Still there was an attempted kidnapping outside the gate by two men in a taxi on Jan. 27.
Police officers should be stationed outside around the clock, as ordered by the Inter-American Court of Human Rights in response to death threats towards the staff, but they are not.
In the space of five days, 11 visitors were thrown out by the teenage volunteers who spend a year living and working at the casa in between high school and college. One of the visitors was a woman caught texting, and the other 10 were hostile members of the Mara Salvatrucha 13 gang.
Safe house residents play a boys-against-girls soccer match to keep warm on a cold day in Saltillo, Mexico.
The house is pretty regimented with the migrants expected to assist with cooking, cleaning and manning the public phones and toilets. But there is still an element of organised, friendly chaos, with some sort of drama always unfolding, but kept in check.
The strict rules start to make obvious sense when the casa gets full very quickly, and the atmosphere changes in a flash.
Fifty migrants arrived in one day when the temperature dropped close to freezing and people were afraid to move on. The next day 150 shivering bodies tried to keep warm playing football, basketball, drafts, getting a haircut, washing clothes and chatting in the huge outdoor space—many still worrying about who they’d left behind and the road lying ahead.

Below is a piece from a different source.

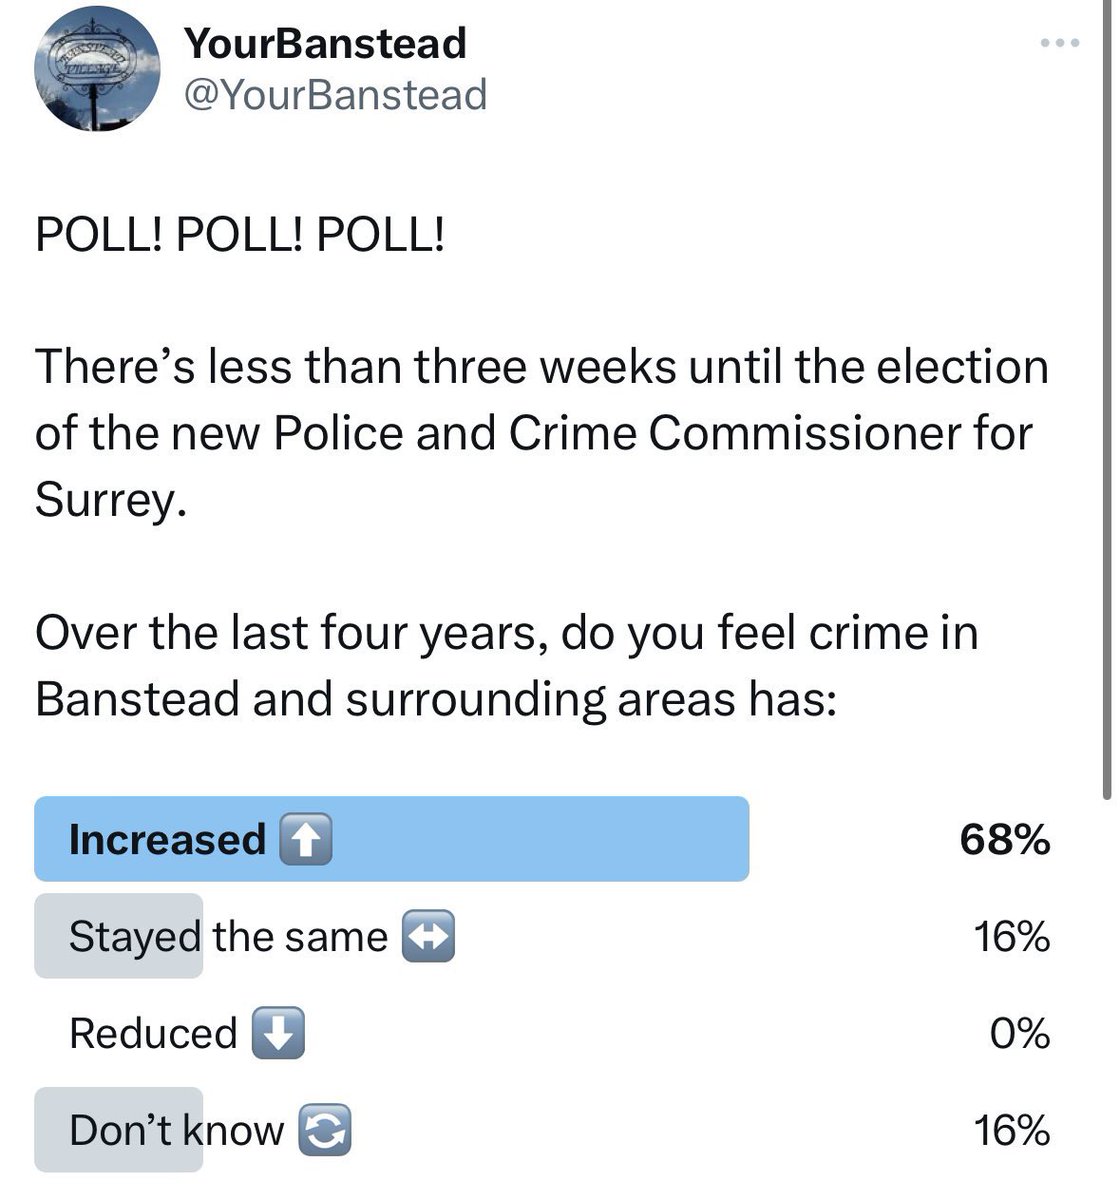 @jed_dwight @_Lisa_Townsend @Rebecca_SPaul @Conservatives @CCACllrs @ToryCanvass @Walking2Win @RBConservative Sadly, many people in Banstead, Kingswood, Woodmansterne and surrounding areas feel let down by the Surrey Police and Crime Commissioner. Here’s what they said when asked about crime levels. Not one person said they’d reduced!
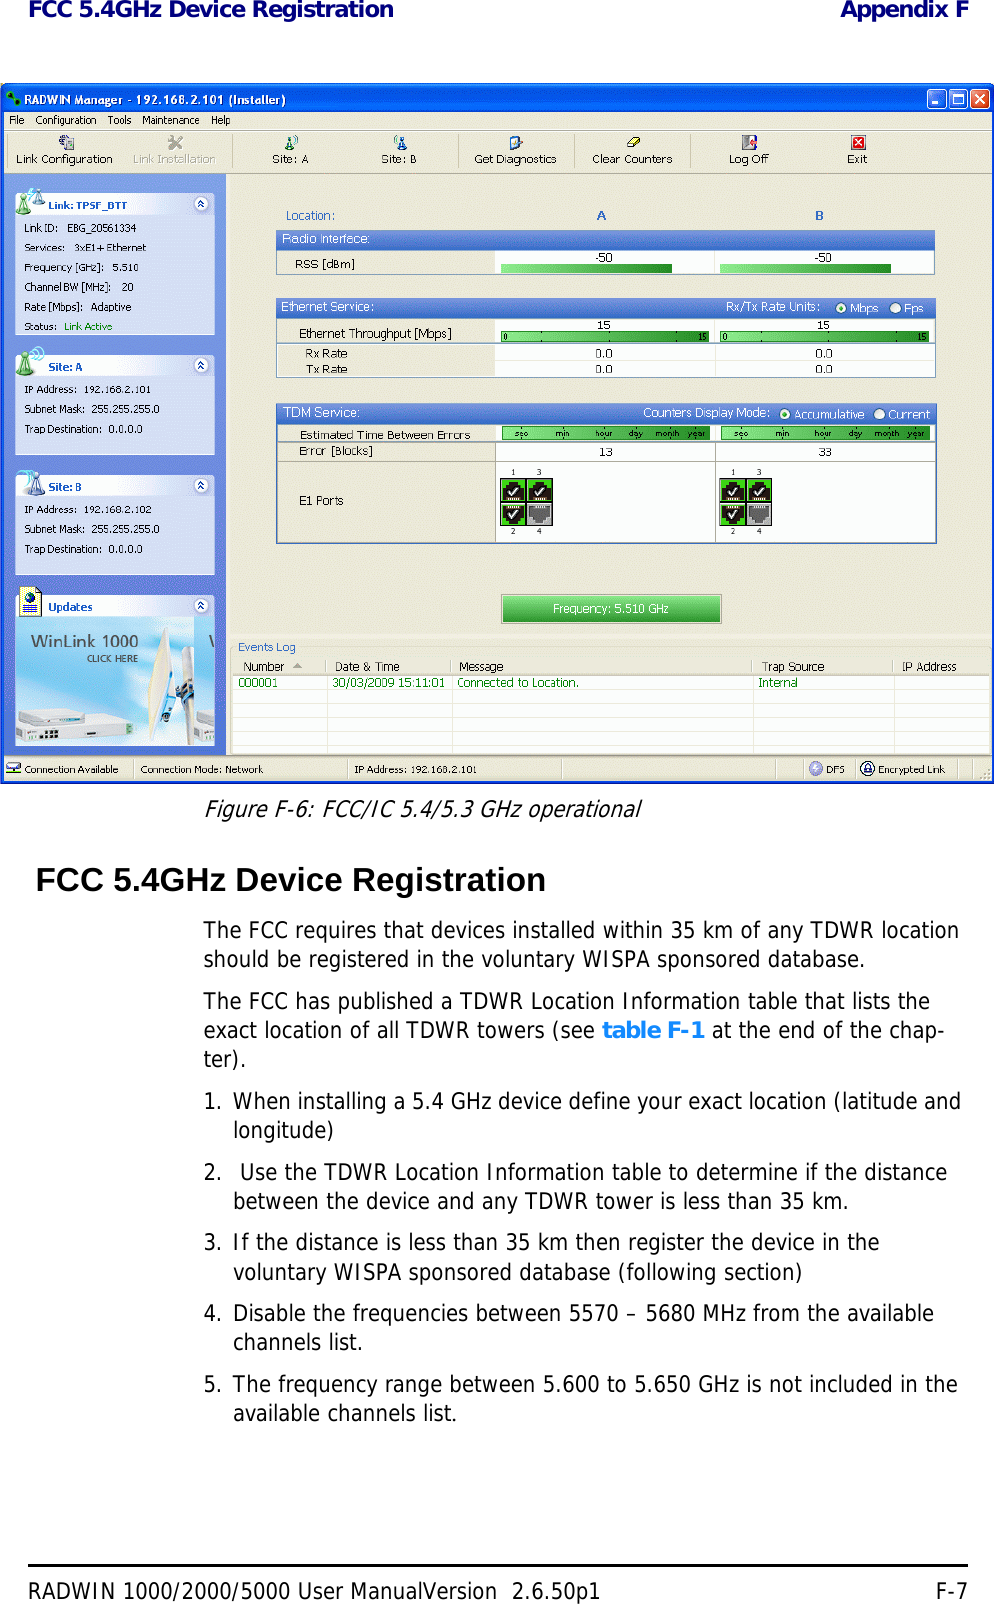 FCC 5.4GHz Device Registration Appendix FRADWIN 1000/2000/5000 User ManualVersion  2.6.50p1 F-7Figure F-6: FCC/IC 5.4/5.3 GHz operational FCC 5.4GHz Device RegistrationThe FCC requires that devices installed within 35 km of any TDWR location should be registered in the voluntary WISPA sponsored database. The FCC has published a TDWR Location Information table that lists the exact location of all TDWR towers (see table F-1 at the end of the chap-ter).1. When installing a 5.4 GHz device define your exact location (latitude and longitude)2.  Use the TDWR Location Information table to determine if the distance between the device and any TDWR tower is less than 35 km.3. If the distance is less than 35 km then register the device in the voluntary WISPA sponsored database (following section)4. Disable the frequencies between 5570 – 5680 MHz from the available channels list.5. The frequency range between 5.600 to 5.650 GHz is not included in the available channels list.

Salvador Sanabria, 23, a campesino—peasant farmer—from Copán, western Honduras, left behind his wife and baby boy, and is now waiting for his mother to find a coyote to take him to Houston.
“My mom left Honduras when I was a one-year-old and so I only know her from photos,” he said. “It hurt me a lot to leave my son as I don’t want him to suffer like I did, but life is going to get even worse under the new president, so my dream is to work in America for two years and earn enough money to buy a small plot of land at home.”
The migrants are explicitly warned about the tough road ahead and the multitude of dangers they face from organised criminals and corrupt officials, on both sides of the border.
For instance, 11,000 migrants, mostly near the US border, were kidnapped during a six-month period in 2010, according to the Mexican National Human Rights Commission.
The Fernandez Leyva family stayed only two days until the weather improved, determined to embark on the final 190 miles to the border before the fear set in.
They left with few possessions and not a single cent for food, but more importantly, no money to pay the coyotes who control the borders and charge $1,000-2,500 per person, a cut of which goes to the criminal Zetas or Gulf cartel, depending on whose territory people cross.
Alma is familiar with horror stories like the 72 migrants slaughtered and buried in a mass grave by the Zetas in San Fernando in 2010.
“We understand the risks of kidnap, murder, extortion and rape, we knew this before we left Guatemala,” she said. “But we have to try and make a better life for our children, and we believe God will take us to America safely.”